My lovely daughter Ruth and son-in-law-to-be Kev have this week shown us their venue and given us a save-the day card so it seems to be pretty definite, even if they pursue my idea of a pirate-themed wedding, that I shall be needing a new hat.

“Darling, this isn’t just about you,” said my husband gently as I made plans.

“Of course not. I know that,” I said, secretly making plans.

Not that I shall be going on and on and on about the wedding...

You have to be quick, these days. The wedding is in October 2016 and, when Ruth phoned 16 months in advance, to book the registrar, there were only two time slots left. Now Ocado has more than two time slots for the middle of the next week and they deliver all over the place... though I suppose you wouldn’t want your marriage certified by Martin in onion van.

It’s all going to be in a barn so I’m thinking gingham dress, white socks and pigtails. Not really. I’m thinking credit card.

This will be my husband’s chance to give our daughter away (yes, wheel out the creaky old joke: What, couldn’t he get anything for her?) and make the speech demanded of the father of the bride.

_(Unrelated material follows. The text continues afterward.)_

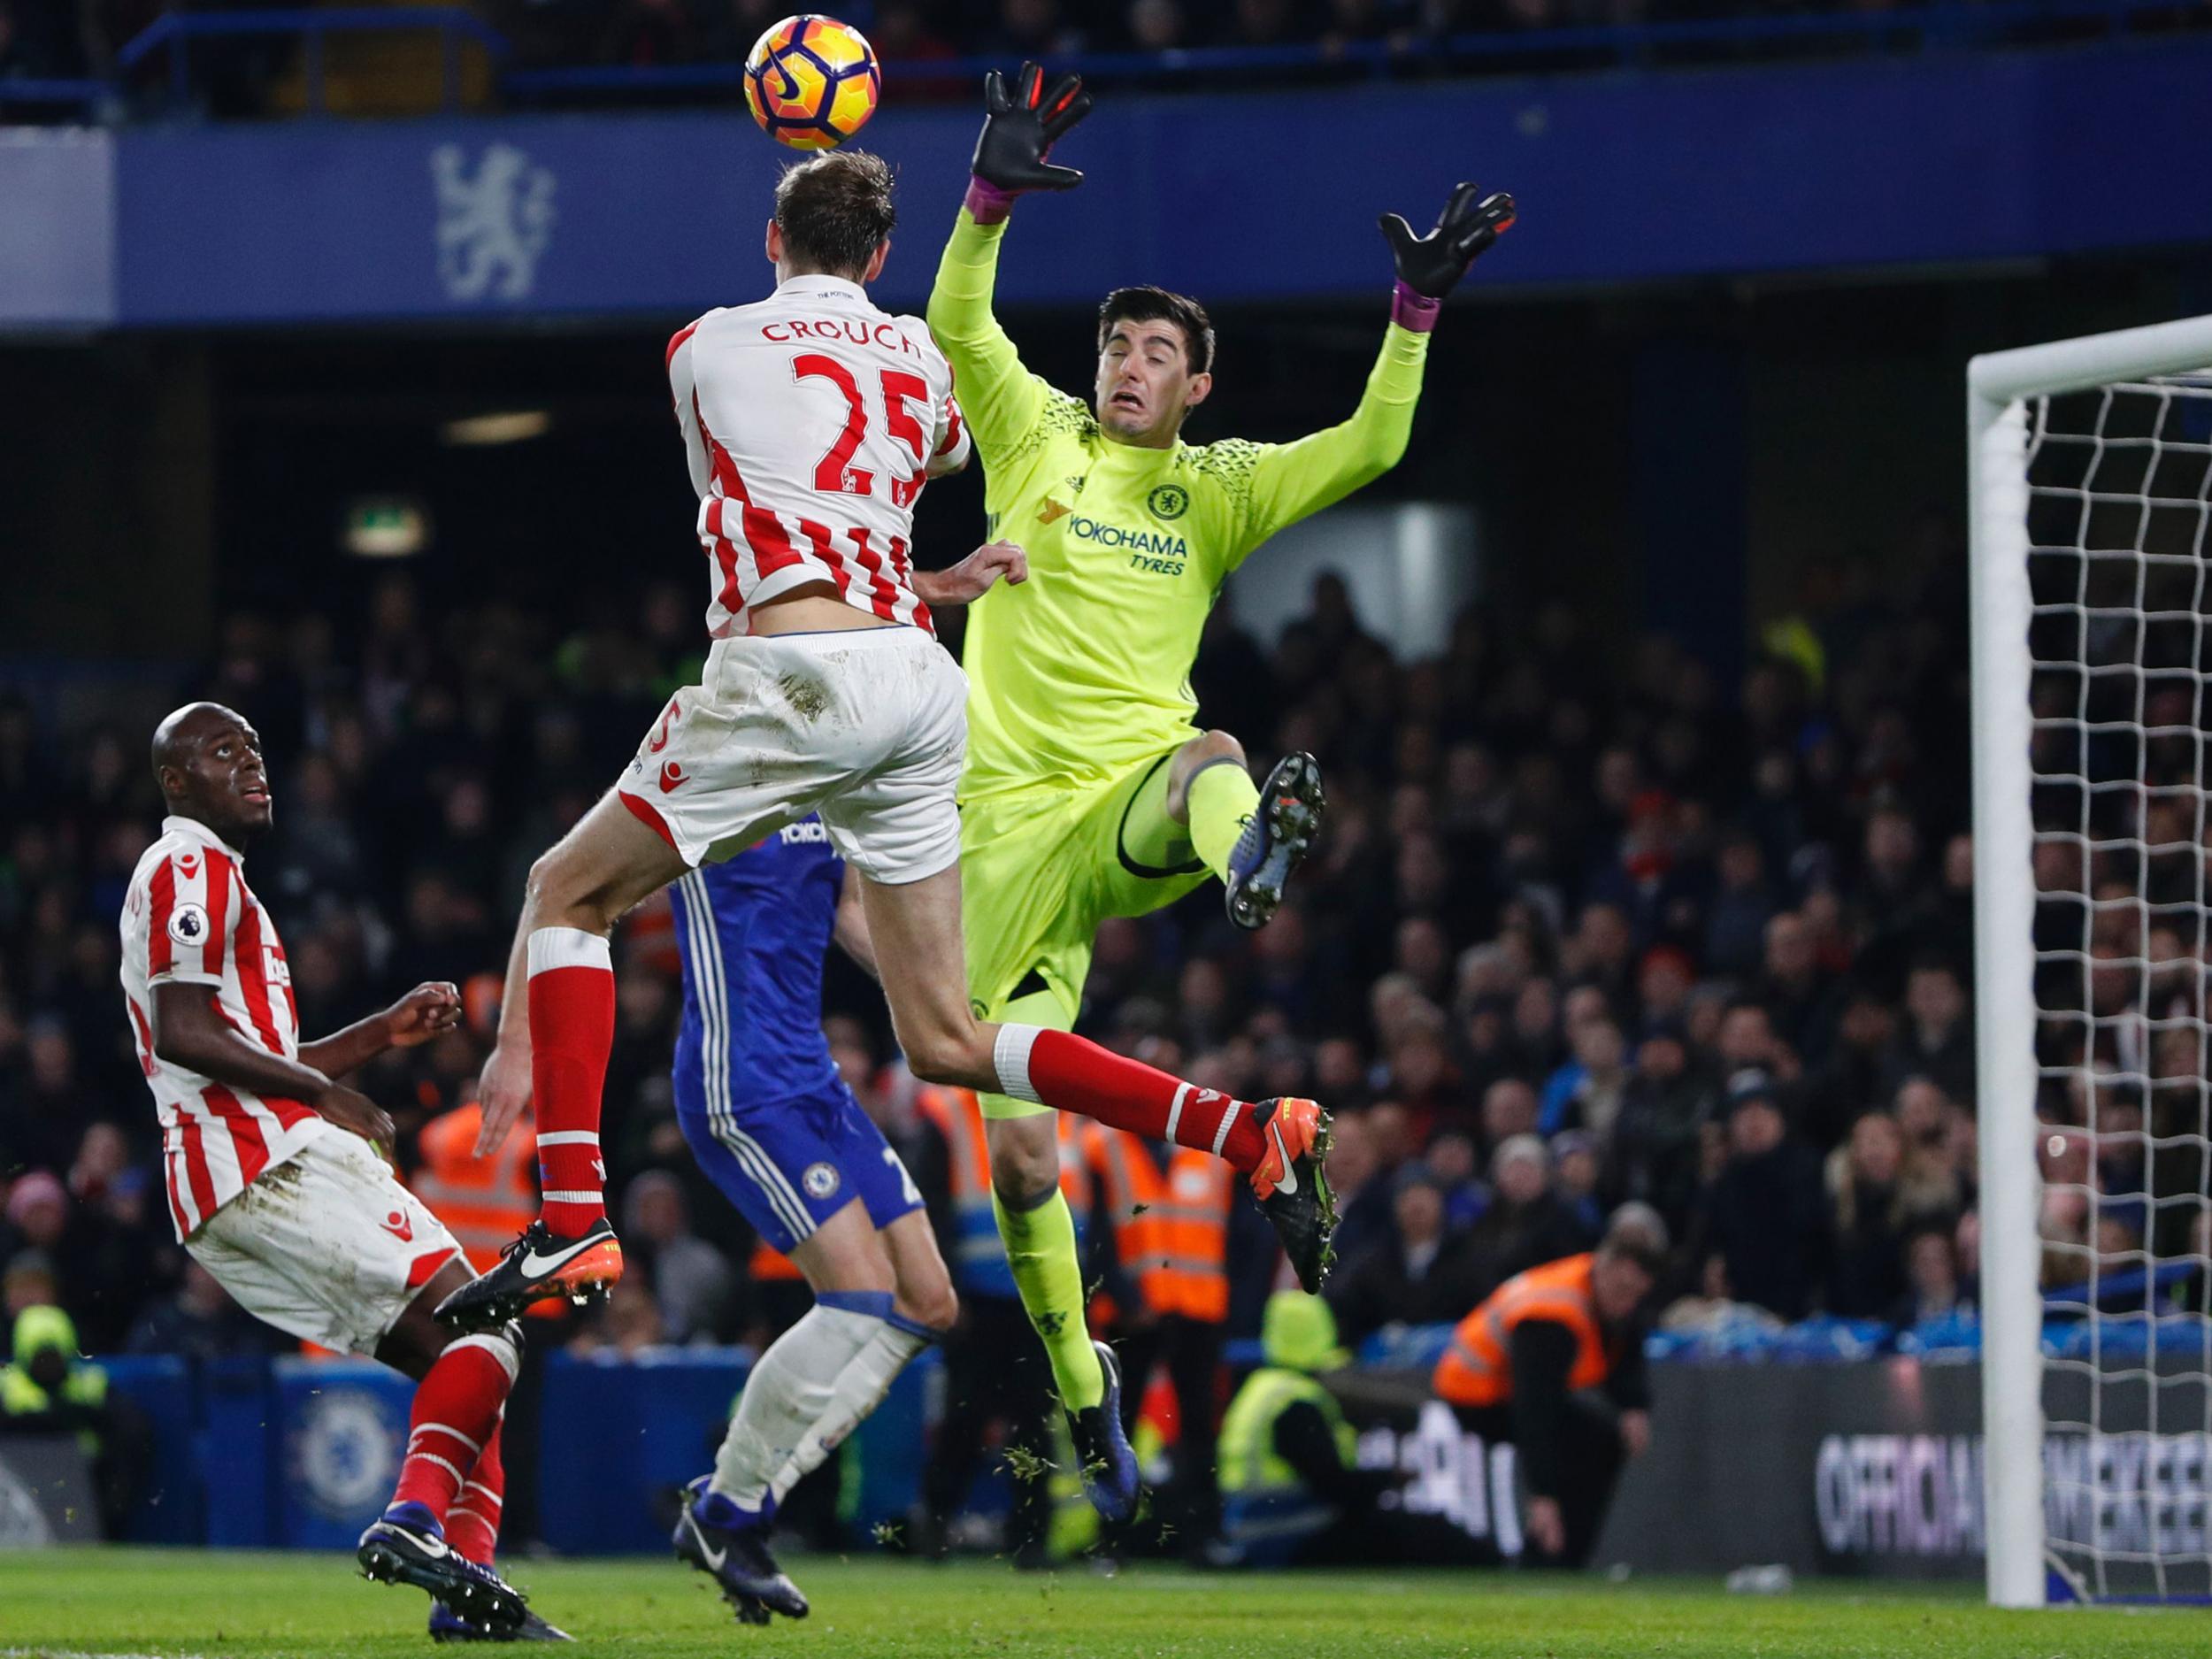 Crouch and Courtois will again go head to head when Stoke entertain Chelsea

Ruth is quite keen for me to say something too but I said she needn’t worry about a formal speech because I would be happy interrupting her father, as usual.

The wedding is very much their own and my list of 400 distant relatives has been kindly but firmly rejected as have my suggestions for music... although I can’t see what is wrong with having the Birdie Song for the first dance.

So much has changed since I was a blushing bride... the Millennium, for a start.

Venues were churches or register offices. Stag nights took place the evening before the wedding and seemed designed to make sure the groom feel so awful he would be quietly compliant throughout the ceremony. I once spent a few days in Dundee on business during which one young man woke up early on his wedding day to find himself chained, naked to a lamppost. It was nothing to do with me, I hasten to add. Moreover, this was before the days of the strippergram – not that I was ever a strippergram (We are all thanking our lucky stars for that. Lynne. ED)... OK, I’m going to quit talking about stag dos while I still have a grain of dignity left.

Hen dos were as rare as their teeth.

Then, there’s the dress to think about. Should it be long or short; sleeves, no sleeves; lace, voile, silk damask; ivory, cream or something bolder? Any of those would be look good on me, I think.

Oh, and Ruth will need a dress too. She is currently obsessed with an American television show called Say Yes to the Dress in which brides look for their perfect wedding dress. I can’t see it being a problem, though. You can buy a wedding dress for £25 on eBay.

I wore duck-egg blue for my son’s April wedding in 2011 with a huge hat that nearly took my husband’s eye out when we danced. I won’t be going for scrambled-egg yellow.

Ruth, meanwhile, has engaged bridezilla mode. She is growing her fingernails so that she can try out her wedding nails and is anxious to practise her wedding make-up. I’m expecting a full dress rehearsal sometime in November.

I saw her eyes glint as she told me that one couple she knows took their wedding wines to the caterers tasting session so they could try out the meal with the appropriate wines. This is what they do nowadays. Nothing is left to chance, it is all tried and tested. My wedding breakfast was salad, there’s not much you can do with a spring onion and a cucumber at a taster session.

When we took our vows (King James version) our vicar, having been appraised of my bolshie nature, gently broached the subject of the bride’s vow “to obey” her husband. Needless to say, it didn’t make it into the ceremony... or since. But I did plight him my troth and he seemed content with that although we never really used it. I think we may have put it up in the loft.